# Problem with Red Rider BB gun



## BDD (Dec 27, 2010)

pulled the trigger while cocking,  now the triggers not set to shoot and the lever will move freely
But won't reset the trigger.  Any ideas ?


----------



## Wade95 (Dec 27, 2010)

I bought the cheaper of the two and it failed to load after 200 or so shots. Can't take back to Wally World so I went and bought the next one up. Working fine so far.


----------



## ChiefOsceola (Dec 27, 2010)

Afraid you were going to say you shot your eye out!

Had the same issue on one I bought for a nephew a few years back.  I think I ended up having to take the action out to "reset" it.


----------



## Dead Eye Eddy (Dec 27, 2010)

They're easy to disassemble.  Try taking it apart and putting it back together.


----------



## jigman29 (Dec 27, 2010)

I know the old ones would mash the crap out of your fingers if you pulled the trigger after it was cocked.The lever would smash down on them.I guess it was a safety feature they added.


----------



## packrat (Dec 28, 2010)

*yep*



jigman29 said:


> I know the old ones would mash the crap out of your fingers if you pulled the trigger after it was cocked.The lever would smash down on them.I guess it was a safety feature they added.
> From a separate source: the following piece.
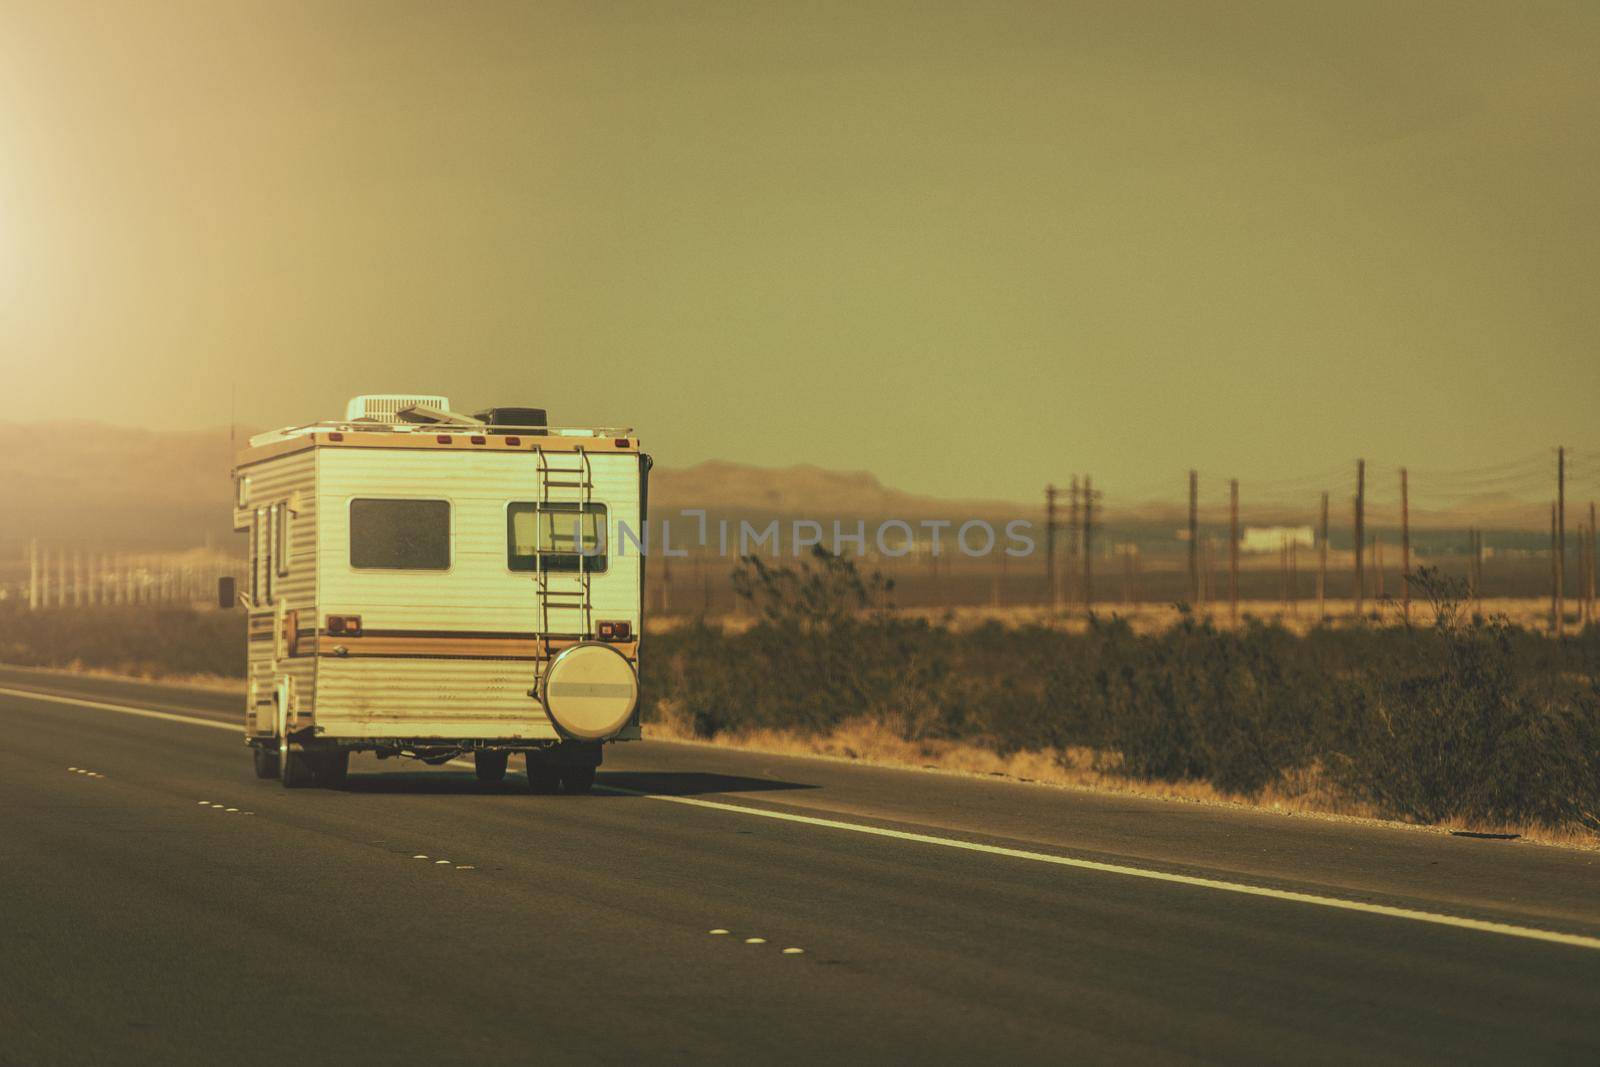 Vintage Aged Camper Van on a Highway by welcomia

Been there, done that, got the purple fingernail.
Just take it back to WallyWorld.


----------



## BDD (Dec 29, 2010)

I called the Daisy service # , and they actually helped me out. I just needed to pull the lever up a little harder and
 Got one more click out of it and it reset.  It's amazing how accurate they our. I mounted a 4 X scope on it and
 can put 3 BB in the same hole at 20 feet.  Talk about a cheep gun to shoot… LOL  I've got a shooting gallery
In the garage…  might even let my boy have a turn.. 

Thanks for the replies.


----------



## Twenty five ought six (Dec 29, 2010)

BDD said:


> I called the Daisy service # , and they actually helped me out. I just needed to pull the lever up a little harder and
> Got one more click out of it and it reset.  It's amazing how accurate they our. I mounted a 4 X scope on it and
> can put 3 BB in the same hole at 20 feet.  Talk about a cheep gun to shoot… LOL  I've got a shooting gallery
> In the garage…  might even let my boy have a turn..
> ...




Just be careful and don't shoot your eye out.


----------



## W4DSB (Jan 6, 2011)

jigman29 said:


> I know the old ones would mash the crap out of your fingers if you pulled the trigger after it was cocked.The lever would smash down on them.I guess it was a safety feature they added.



+1 dont ask me how i know


----------